In Pirates of the Caribbean 1: The Curse of the Black Pearl, the captain Barbosa and the crew of the Black Pearl are cursed by Aztec gold coins, and all those who take Aztec gold coins out of the box and squander them lose all feelings, and although they have endless desires, they can no longer enjoy a little pleasure. Every night of the full moon, they turn into skeletons and cannot die, becoming the living dead who can never escape the torment of desire. Until all the Aztec gold coins are collected again, plus the blood of Bill Sr., the curse will not be lifted.
Pirates of the Caribbean
The Aztec gold coins in the play were gifts used by the Aztecs to bribe the Spanish colonist Cortés to avoid the slaughter. Cortez accepted the gift but broke his promise, and insatiably destroyed the Aztec Empire. The greed and meanness of the Spanish colonists angered the gods, so the gold coins were cursed, and anyone who took the gold coins would be punished for eternity. Although the plot of the movie is fake, the art is based on real life. Historically, Spanish colonization plundered vast amounts of gold and silver from the Americas through brutal means. But like Captain Barbosa, after a period of squandering, Spain was cursed by the wealth from the Americas, and fell from an empire that never set to a third-rate country.
On August 3, 1492, the Italian navigator Columbus, with the support of Queen Isabella of Spain, led 87 sailors and sailed west from the Spanish port of Baros in three sailing ships. Earlier, the Portuguese navigator Dias sailed south along the African coastline to the Cape of Good Hope, the southernmost point of Africa, and initially opened a new route to the East. Columbus believed that the Earth was a sphere and that sailing west could also reach the east. But he miscalculated the size of the Earth and was convinced that India could be reached by traveling three or four thousand miles west. With this plan, Columbus successively requested funding from the kings of Portugal, England, France and other countries, but to no avail. It wasn't until Queen Isabella saw the pearl that Columbus had the opportunity to show his talents.
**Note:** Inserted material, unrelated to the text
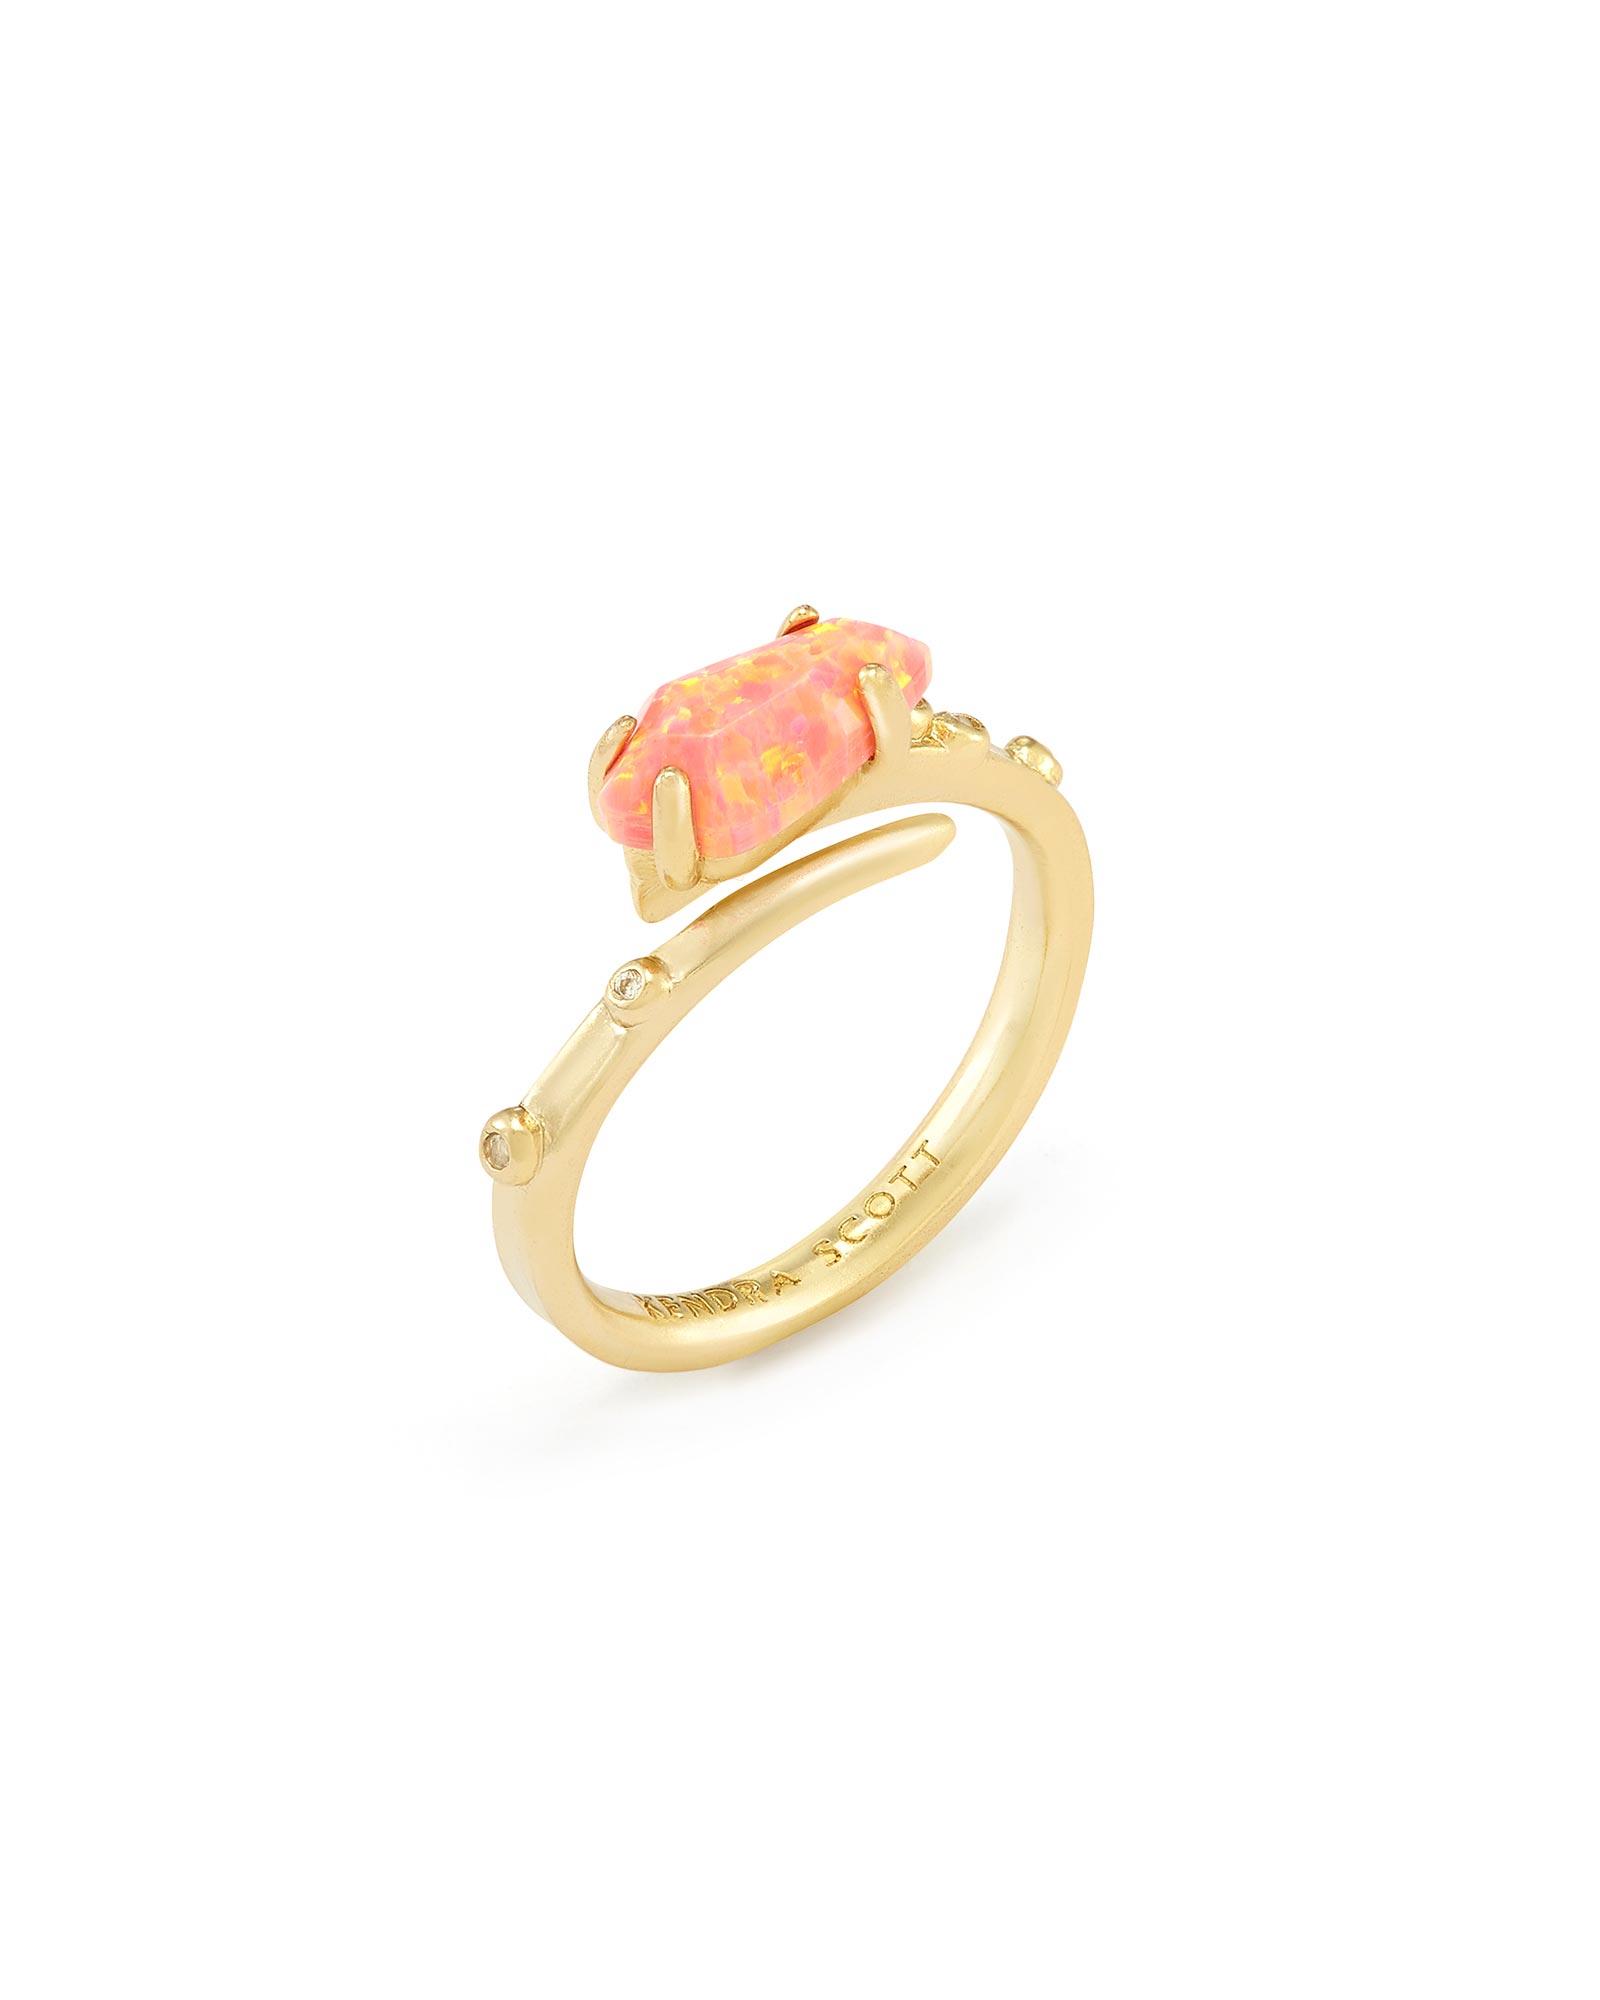 Kendra Scott Julia Stone Ring Sghfu1OpP

Before setting out, Columbus promised to reach the East, bring back wealth to Spain, and even confidently carried credentials to the Indian monarch and the Chinese emperor. On October 12, Columbus' fleet finally saw land, but it was a new continent, not India, and it did not have the wealth he dreamed of. After returning to Spain, Columbus brought back only a few local natives, convinced that he had arrived in India, and Columbus called these lands Indians. Over the next eight years, Columbus made three more voyages west, but none of them brought back wealth. People say he was a liar, who was stripped of his property by the state and eventually died of poverty.
Columbus discovers the New World
Misled by Columbus, Spain once again lagged behind Portugal in opening new shipping routes. On 20 May 1498, the Portuguese navigator Vasco da Gama reached India around the Cape of Good Hope, and in September da Gama returned to Portugal. Although the losses were enormous, losing more than half of his crew and two of the four sailing ships, the spices he brought back from India were worth 60 times the total cost of his expedition. The triumphant return of da Gama caused a sensation throughout Portugal, and they reached the true East, the place of gold in Marco Polo's travels, rather than the desolate "India" discovered by Columbus.
After that, spices, silk and tea from the East were continuously transported to Europe through the Portuguese fleet, and the Portuguese made a lot of money from it. The huge profits attracted the Spaniards, Dutch, and English to trade in the East. However, Europe was in short supply, and there was no way to find goods that attracted Orientals. The Orient's abundant and mostly self-sufficient small-scale peasant economy created an obstacle to the importation of European commodities.
In order to buy oriental goods, Europeans can only exchange real money for silver. Gold and silver mining is far less than commodity production, and reserves are limited. The huge international trade deficit has led to a large amount of gold and silver flowing into Asia in Europe, and there has been a serious "silver shortage" throughout Europe. The "silver famine" led to the primitive trade in barter in some parts of Europe, and the salt of western Europe, pepper in the East Indies, and the dye "carmine" became physical currency, and a pound of "carmine" was worth a pound at that time, and pepper was almost equivalent to currency, so much so that the German princes called their bankers "peppermen". Just when the big guy was short of money, there was good news from the New World.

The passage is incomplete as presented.